Warranty dollars are dropping dramatically. We want to increase customer-pay labor. I always ask them one question: Is your customer right now happy with the level of service they are receiving on their new car? The answer is always yes. Well, does the customer know where to take their other cars for service? Why can't they bring them to you? I want every advisor to ask every customer if they have any other vehicles at home that we can service and maintain. I want that customer to think of your dealership as the only dealership for all of their service and maintenance needs, regardless of what they're driving.
The independents have been servicing all makes and models for years. I'm just asking the dealers to expand what they're doing with used cars so that then can take better care of their customers. If we don't do that now, the customer will go somewhere else.
Hours of operation have also got to be convenient for the customer. You can't expect customers to take a day off of work to have their car serviced. Service hours have to mirror sales hours. Be open for convenience of the customer, not the convenience of the employees.
Moving forward, what are some other strategies that seem to be working for parts/service in this new economic reality?
All service advisors have business cards. Lets say I've just asked my customer, Mr. Johnson, "Do you have other vehicles we can maintain?" Before he leaves, I'll ask him to write his name on the back of one of my business cards, and then ask him if he has other family members or co-workers that might need their car serviced, because my dealership services all makes and models.
One of the most important questions you can ask your customer is, "Would you refer me to someone else?" If they hesitate or say no, what have I done wrong?
What sorts of parts issues are managers facing?
Unfortunately, I believe the parts department is the number-one stumbling block to technician proficiency. Proficiency is defined as hours produced divided by hours available. Hours produced is what the flag sheet says; hours available is what is on the time clock. If I turn six hours during an eight-hour day, I'm 75% proficient. If you're not at 100% proficiency, then you're not selling all the hours you have available.

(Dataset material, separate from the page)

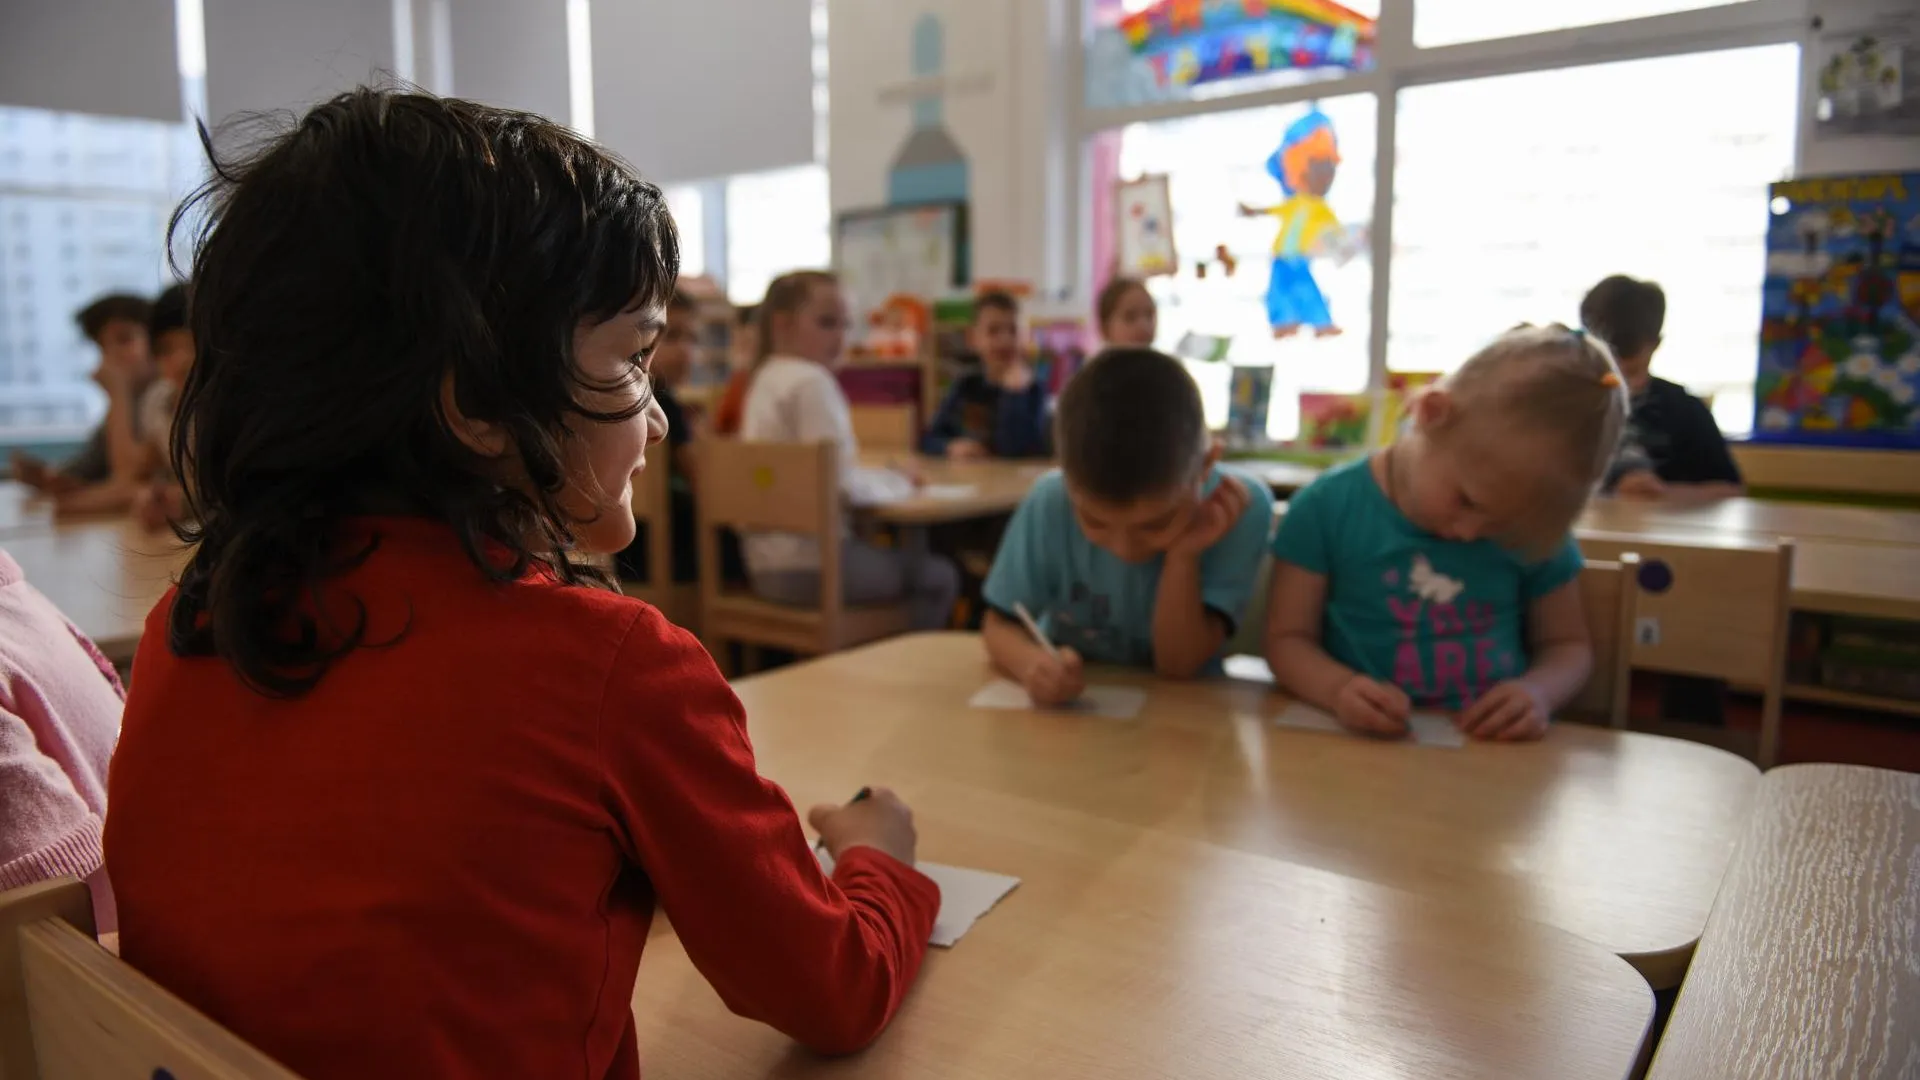 Занятия в рамках проекта «Предшкола: стандарт детского сада» прошли в Балашихе

Why is the parts counter the stumbling block? A technician walks up and asks for a part, the counter person says they don't have it, but they can go down the street and pick it up. Now it becomes an emergency purchase, but more importantly it results in lost technician productive time.
I go as far to tell students that they should put pad of paper on back parts counter. Every time you don't have a requested part, you want to note three things down on the paper: the repair order number, the part number, and a description of the part. At the end of the day, the two department heads should sit down and look at that paper. Let's say there are 15 items on that paper. Ten of them are non-stock, and that's okay. But as a service manger, I should say to the parts manager, "Did you track them as a lost sale?" Because if you don't give the computer system that demand, it won't suggest you bring it into inventory.
What about the five stock that we didn't have. You should look at stocking quantity. If the quantity was set at one, and you sold another one before you could replenish, maybe we need to bump that quantity up to two. By doing that daily, you can see what's going on in the parts department.